A press release from Senator Levin’s office on February 5, 2009 clarified that, despite the current language of the legislation, the intent of the 2009 Bill is not to require disclosure of parties who invest in a hedge fund, but rather the 2009 Bill “requires disclosure of a hedge fund’s beneficial owners who profit from the fees generated in operating the fund.”

Required Anti-Money Laundering Program:

Another aspect of the 2009 Bill is to require that private investment funds with assets under management of $50 million or more, and which are relying on the new section 6(a) exemptions described above, establish an anti-money laundering program and report suspicious transactions.

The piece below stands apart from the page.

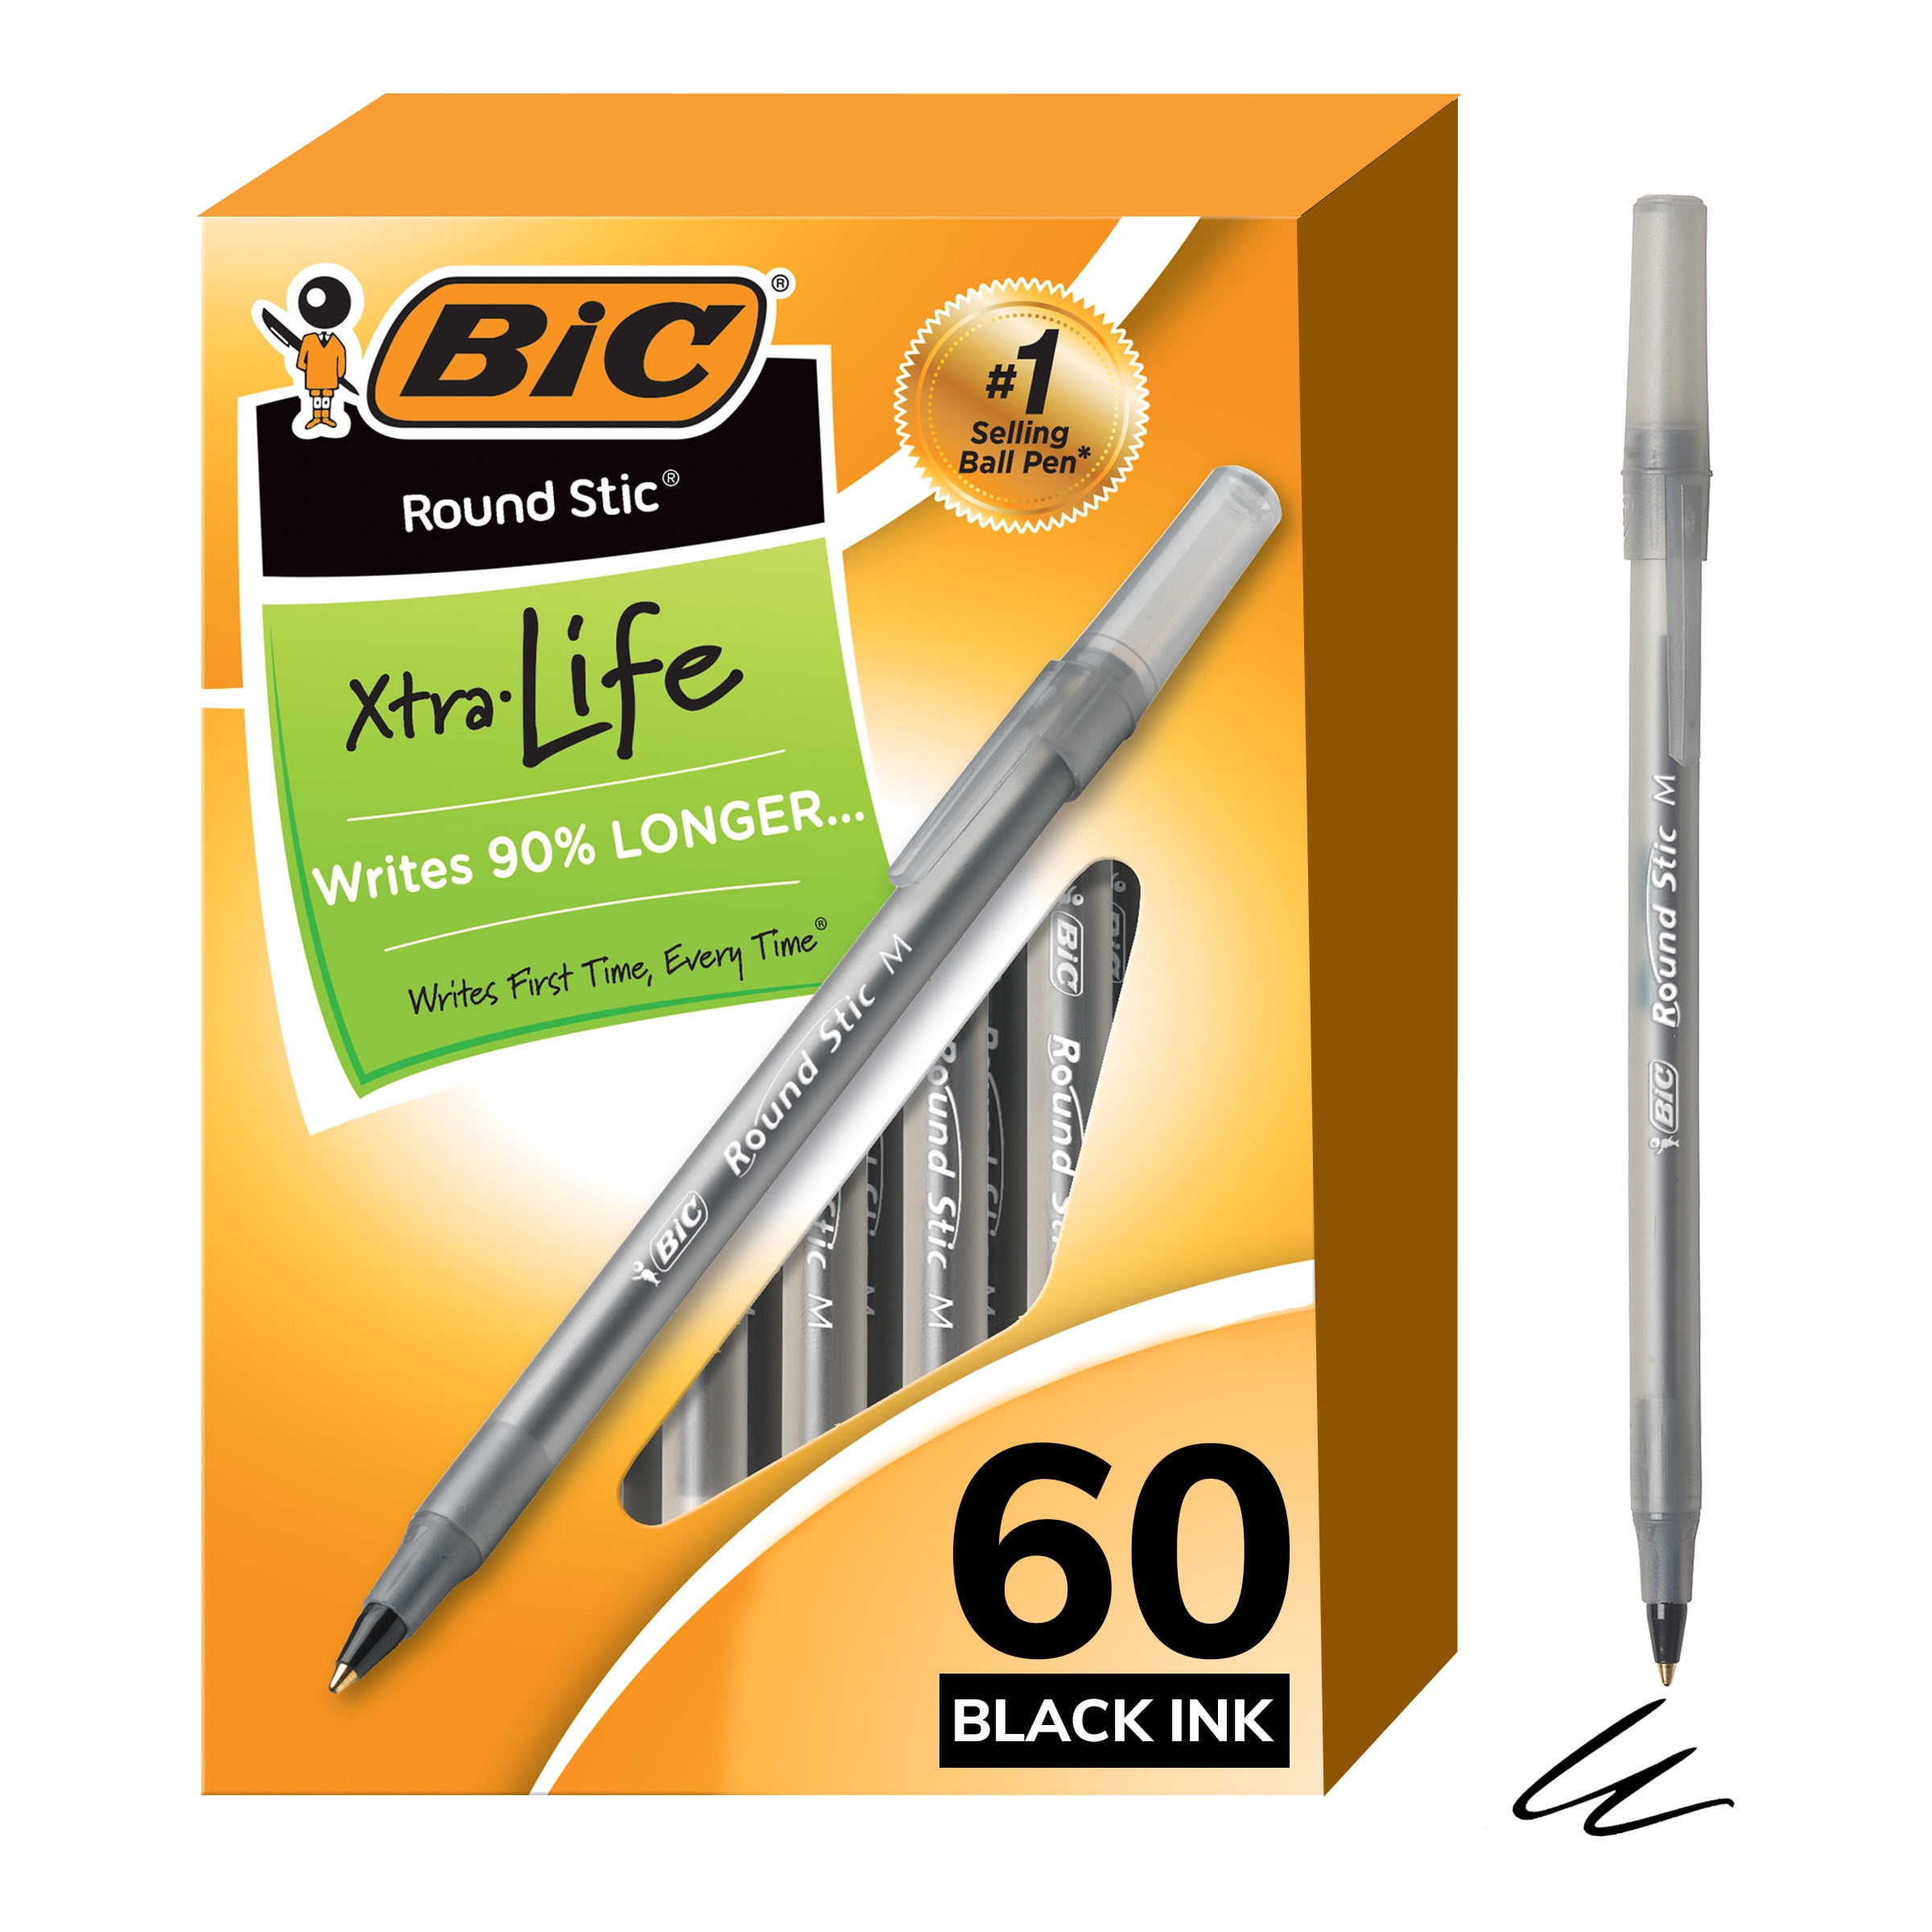 BIC Round Stic Xtra Life Ballpoint Pens, Medium Point (1.0mm), 60 Count, Black Pens

If passed, the 2009 Bill would require that minimum requirements for the anti-money laundering programs be set by the Treasury Secretary within 180 days of enactment. Such minimum requirements would call for the use of risk-based due diligence policies, procedures and controls reasonably designed to ascertain the identity of and evaluate any foreign person that supplies funds or plans to supply funds to be invested with the advice or assistance of such investment company.

Implications for Unregistered Advisers:

In addition to requiring registration of private investment funds under the 1940 Act, an indirect consequence of the 2009 Bill will be the required registration of many additional investment advisers under the Advisers Act. Section 203(b)(3) of the Advisers Act provides that investment advisers who advise fewer than 15 clients, do not hold themselves out generally to the public as an investment adviser and do not advise investment companies registered under the 1940 Act do not need to register as an investment adviser with the SEC. If the 2009 Bill is adopted, section 3(c)(1) or section 3(c)(7) funds would become “investment companies” and, therefore, the exemption from registration under the Advisers Act provided by section 203(b)(3) would no longer be available to investment advisers who advise a section 3(c)(1) or 3(c)(7) fund with $50 million or more in assets under management.

Additional Hedge Fund Legislation:

In addition to the 2009 Bill which was submitted to the Committee on Banking, Housing and Urban Affairs, the Hedge Fund Adviser Registration Act (H.R. 711) and the Hedge Fund Study Act (H.R. 713) have been filed and referred to the House Committee on Financial Services.

The Hedge Fund Adviser Registration Act, sponsored by Representatives Michael Capuano (D-MA) and Michael Castle (R-DE), would amend §203(b)(3) of the Advisers Act to remove the exemption from registration provided to investment advisers with fewer than 15 clients. Such an amendment would further expand the pool of investment advisers required to register with the SEC.

The Hedge Fund Study Act, sponsored by Representative Michael Castle (R-DE), would require that the President’s Working Group on Financial Markets conduct a study on the hedge fund industry.